1.4 H2 Tech reserves the right to charge travel time to any Customer that requires onsite support Services.
1.5 H2 Tech reserves the right to charge penalty rates of time and a half plus travel time for Services conducted outside of normal business hours, on weekends and public holidays.
1.6 Other than in respect to fixed term contract, H2 Tech reserves its rights to amend, alter or vary its rates or terms for payment in its sole discretion at any stage without notice to the Customer.
1.7 The invoice price for the Goods or Services is as per quotation. All prices quoted by H2 Tech include an additional amount on account of GST (as that term is used in a New Tax System (Goods and Services Tax) Act 1999 as may be amended from time to time).

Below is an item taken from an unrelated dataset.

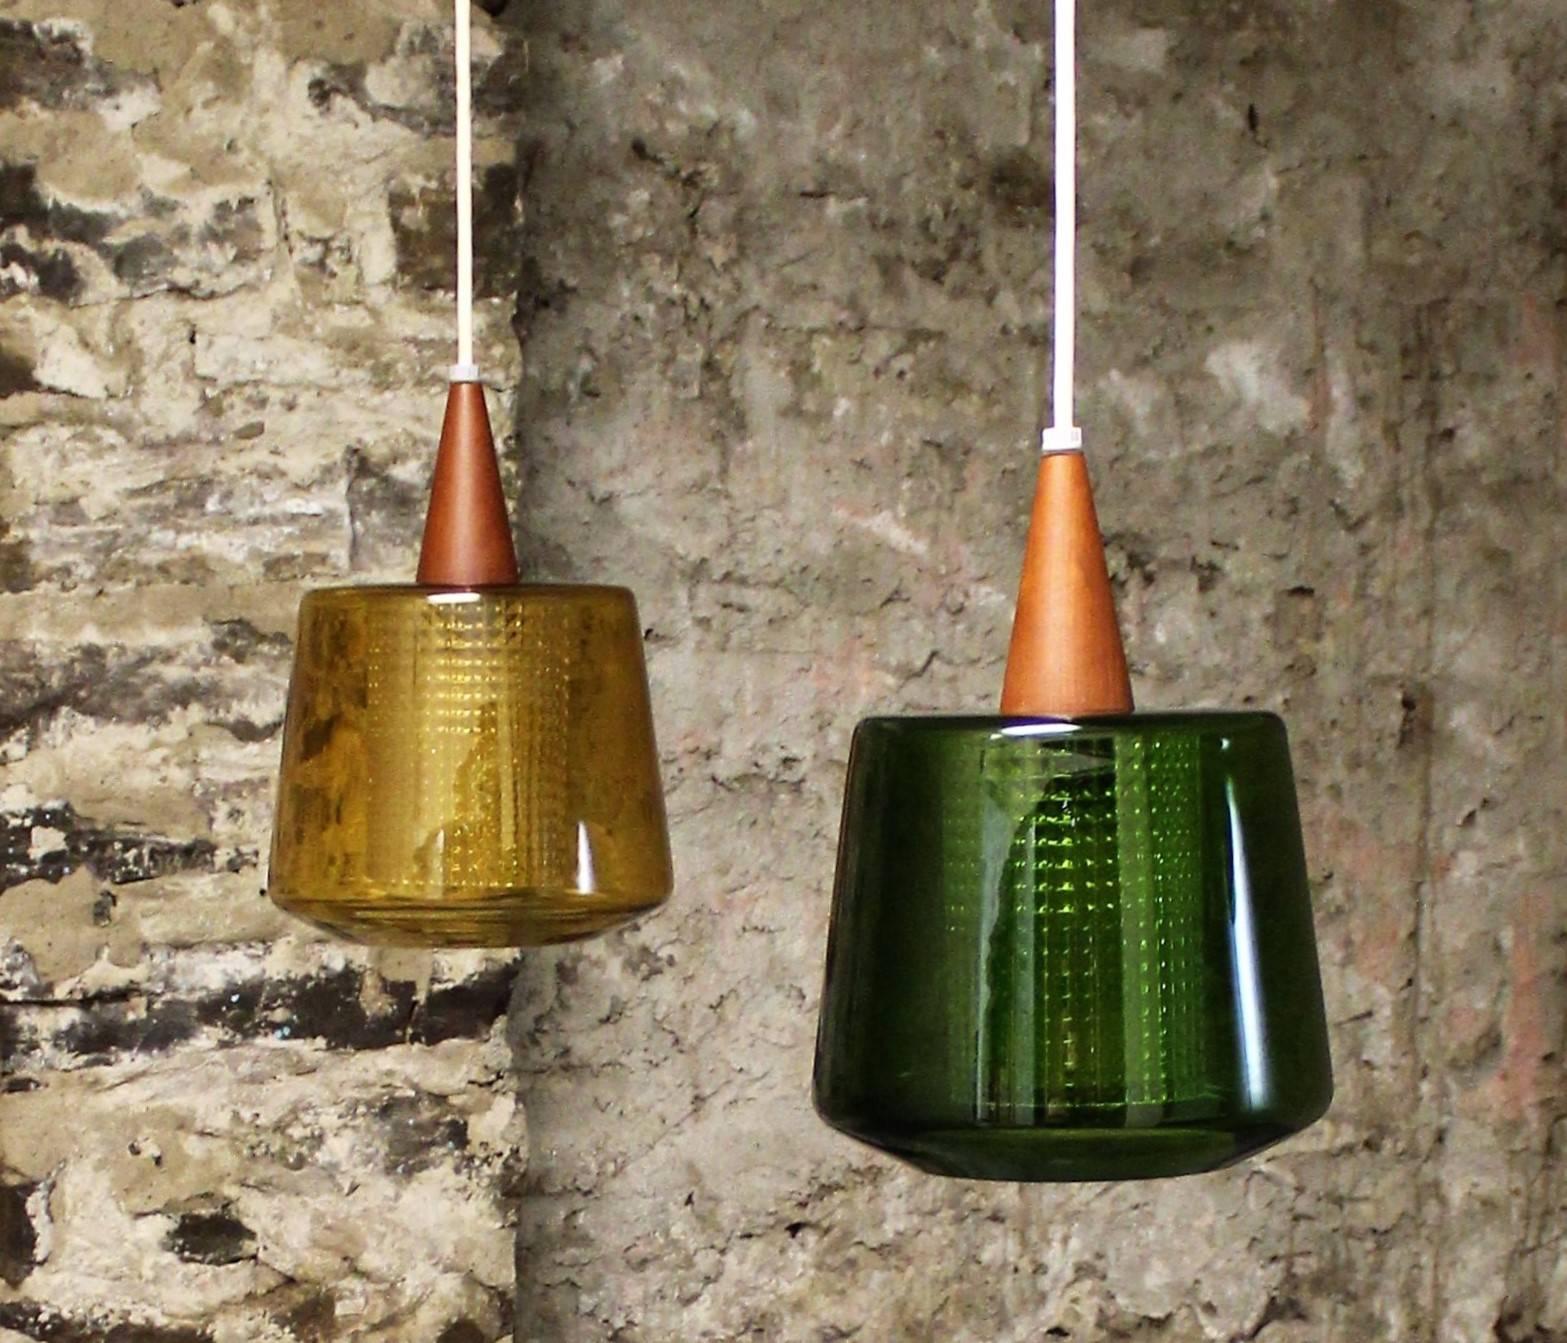 Pair of Carl Fagerlund pendant lights for Orrefors. One light shade is green while the other is amber. Each light has a teak wood fitting and clear patterned glass cylinders on the inside.

Scandinavian Modern, Mid-Century Modern.

18 H2 Tech will provide a tax invoice and its ABN on all invoice documentation. H2 Tech will do all things reasonably available to it to assist the Customer to claim, on a timely basis, any input tax credits (if any) the Customer may be entitled to claim for theacquisition of the Goods from or the provision of Services by H2 Tech.
1.9 The Customer acknowledges and agrees that it will be charged and pay a service fee equivalent to 2% of the invoice price or such lesser payment sum as applicable, for all payments made using a credit card.
1.10 The Customer will agree to pay all costs for any interstate or overseas travel that is required. This includes all airflights, taxis and tolls incurred getting to and from the Customer’s premises.
1.11 The Customer will agree to pay for accommodation if overnight accommodation is required.
- Reservation of Title
2.1 Ownership or title in the Goods remains with H2 Tech until full payment of the Invoice Price is made by the Customer.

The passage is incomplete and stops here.